Kitabı oku: «Mémoires pour servir à l'Histoire de France sous Napoléon, Tome 2», sayfa 4
§ X
L'armée des Grisons avait attiré l'attention du cabinet de Vienne; elle le devait spécialement à sa première dénomination d'armée de réserve. Mélas et son état-major avaient reproché au conseil aulique de s'être laissé tromper sur la formation et la marche de la première armée de réserve, qui avait coupé les derrières de l'armée autrichienne, et lui avait enlevé à Marengo toute l'Italie; on s'occupa donc avec une scrupuleuse attention, de connaître la force et d'éclairer la marche de cette deuxième armée de réserve. La première avait été jugée trop faible; la deuxième fut supposée trop forte. Le gouvernement français employa tous les moyens, pour induire en erreur les agents autrichiens. On donna pour chef, à cette armée, le général Macdonald, connu par sa campagne de Naples, et par la bataille de la Trébia. Elle fut composée de plusieurs divisions; et l'on persuada facilement qu'elle était de 40,000 hommes, lorsqu'elle n'était réellement que de 15,000. On y envoya des corps de volontaires de Paris, dont la levée avait fixé l'attention des oisifs, et qui étaient composés de jeunes gens de famille. Sous le rapport des opérations purement militaires, cette armée était inutile, et eût rendu plus de services, si on n'en eût formé qu'une seule division, que l'on aurait mise sous les ordres de Moreau ou de Brune. Mais le souvenir de la première était tel chez les Autrichiens, qu'ils pensèrent que cette seconde armée était destinée à manœuvrer comme l'autre, et à tomber sur leurs derrières, soit en Italie, soit en Allemagne. Dans la crainte qu'elle leur inspirait, ils placèrent un corps considérable dans les débouchés du Tyrol et de la Valteline, afin de la tenir en respect, soit qu'elle voulût se diriger sur l'Allemagne, ou sur l'Italie. Elle produisit donc le bon effet, pendant une partie de novembre et de décembre, de paralyser près de 40,000 ennemis, tant de l'armée d'Allemagne, que de celle de l'Italie. Ainsi l'on peut dire que cette deuxième armée de réserve contribua au succès des armées françaises, en Allemagne, bien plus par son nom, que par sa force réelle.
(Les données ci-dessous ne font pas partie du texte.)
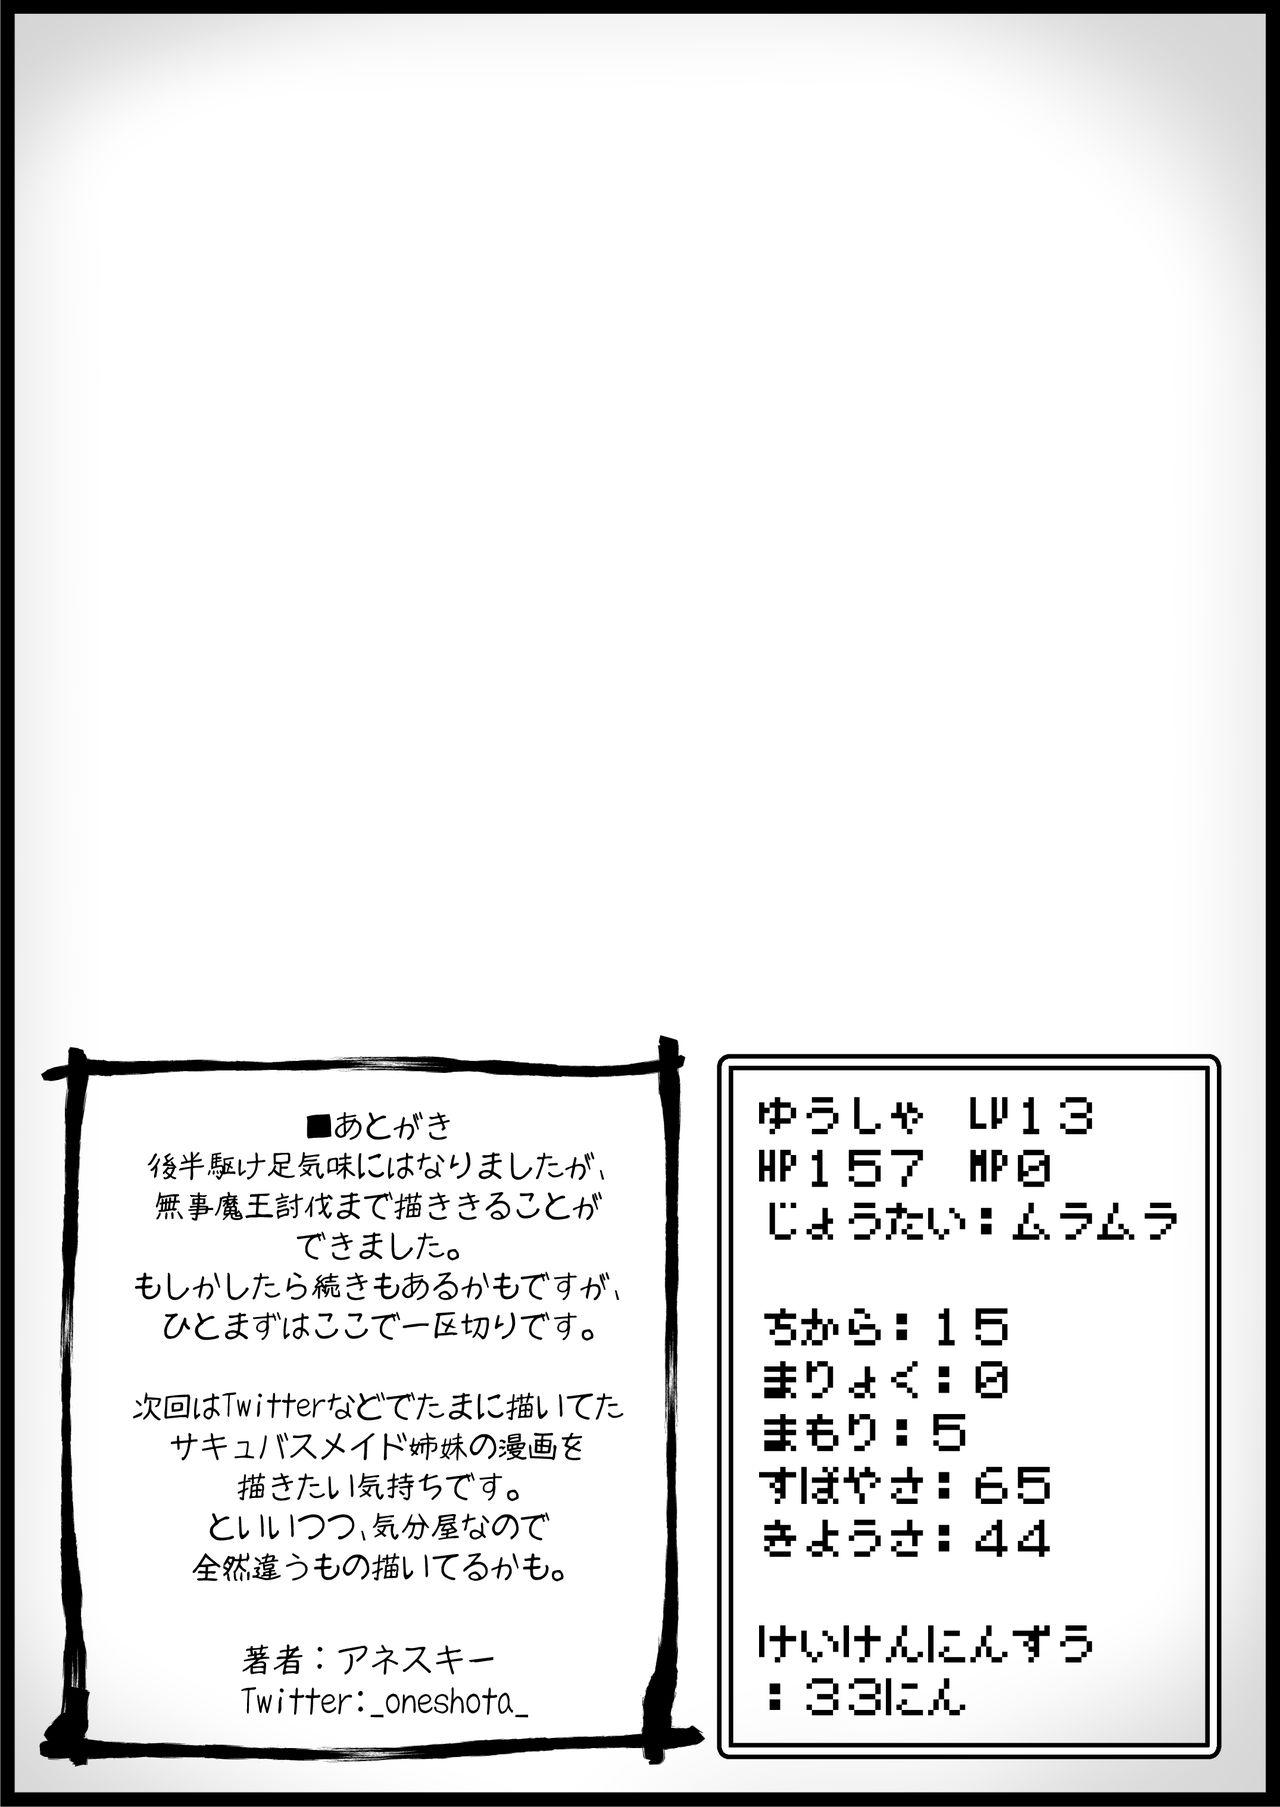 [Succubus Egg] Fantasy World 2 Too Forgiving to Heroes-Continued NPC (mob) Opponent-Centered Short H Manga Collection- 56
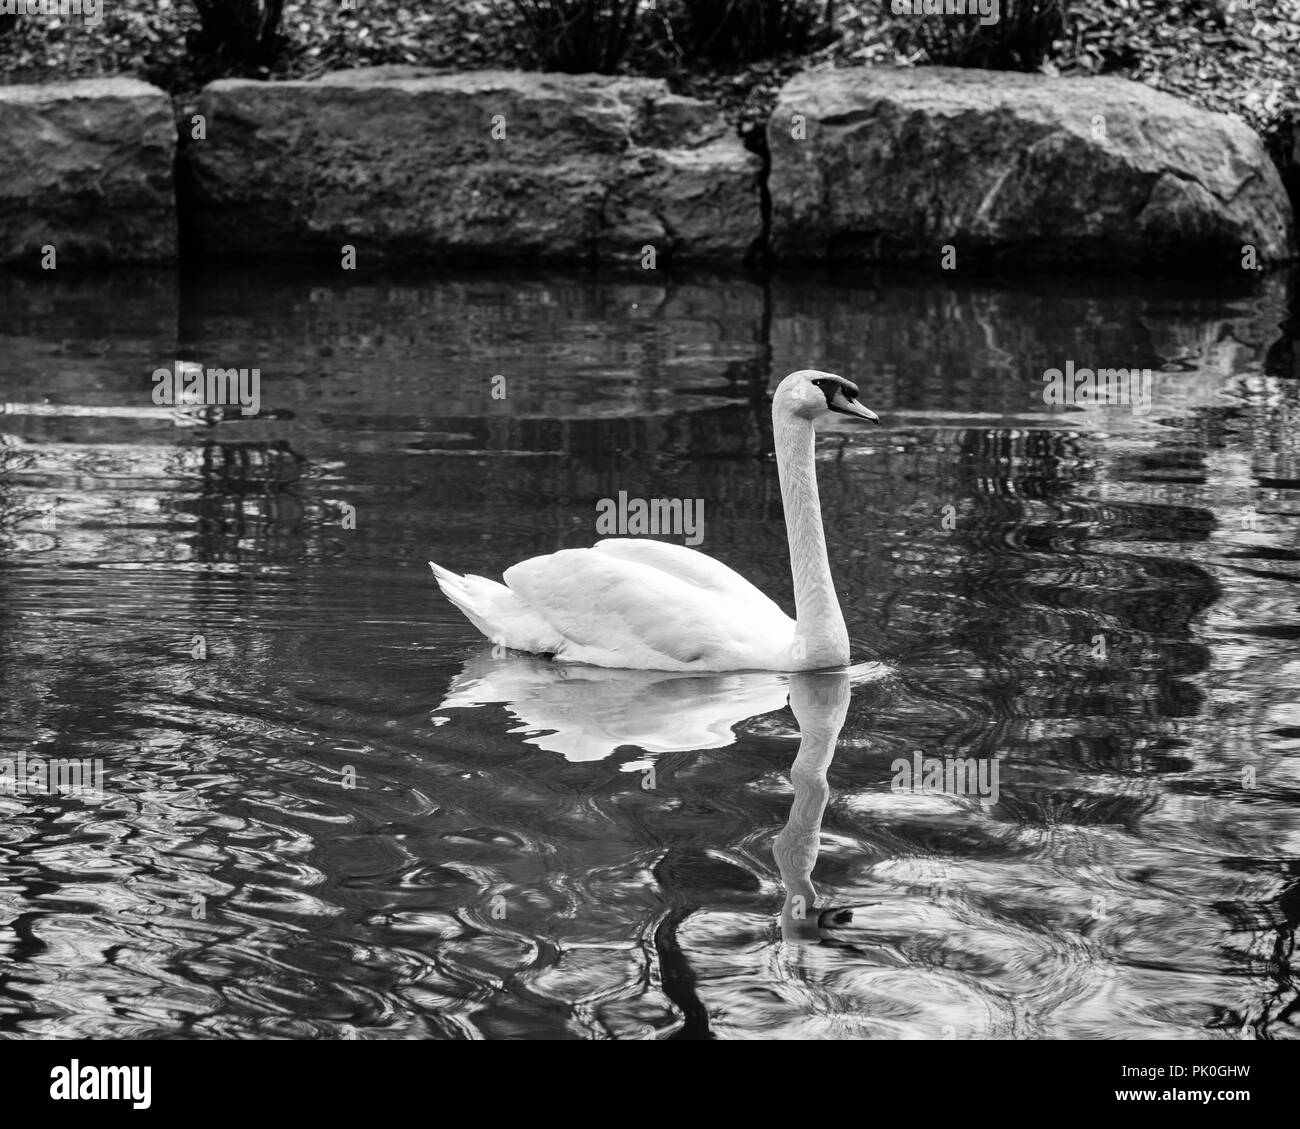 Mute Swan Swimming On A Pond With Rippling Water In Black And White Stock Photo

La bataille de Hohenlinden ayant entièrement décidé des affaires d'Allemagne, l'armée des Grisons reçut ordre d'opérer en Italie, de descendre dans la Valteline, et de se porter au cœur du Tyrol, en débouchant sur la grande chaussée à Botzen. Le général Macdonald exécuta lentement cette opération et n'y mit que peu de résolution; soit qu'il vît avec peine le général Brune, avec qui il était mal, à la tête d'une aussi belle armée que celle d'Italie; soit qu'une expédition de cette nature ne fût pas dans le caractère de ce général. Conduite par Masséna, Lecourbe ou Ney, une semblable opération aurait eu les plus grands résultats. Le passage du Splugen offrait sans doute quelques difficultés; mais l'hiver n'est pas la saison la plus défavorable pour le passage des montagnes élevées. Alors la neige y est ferme, le temps bien établi, et l'on n'a rien à craindre des avalanches, véritable et unique danger à redouter sur les Alpes. En décembre, il y a, sur ces hautes montagnes, de très-belles journées, d'un froid sec, pendant lequel règne un grand calme dans l'air.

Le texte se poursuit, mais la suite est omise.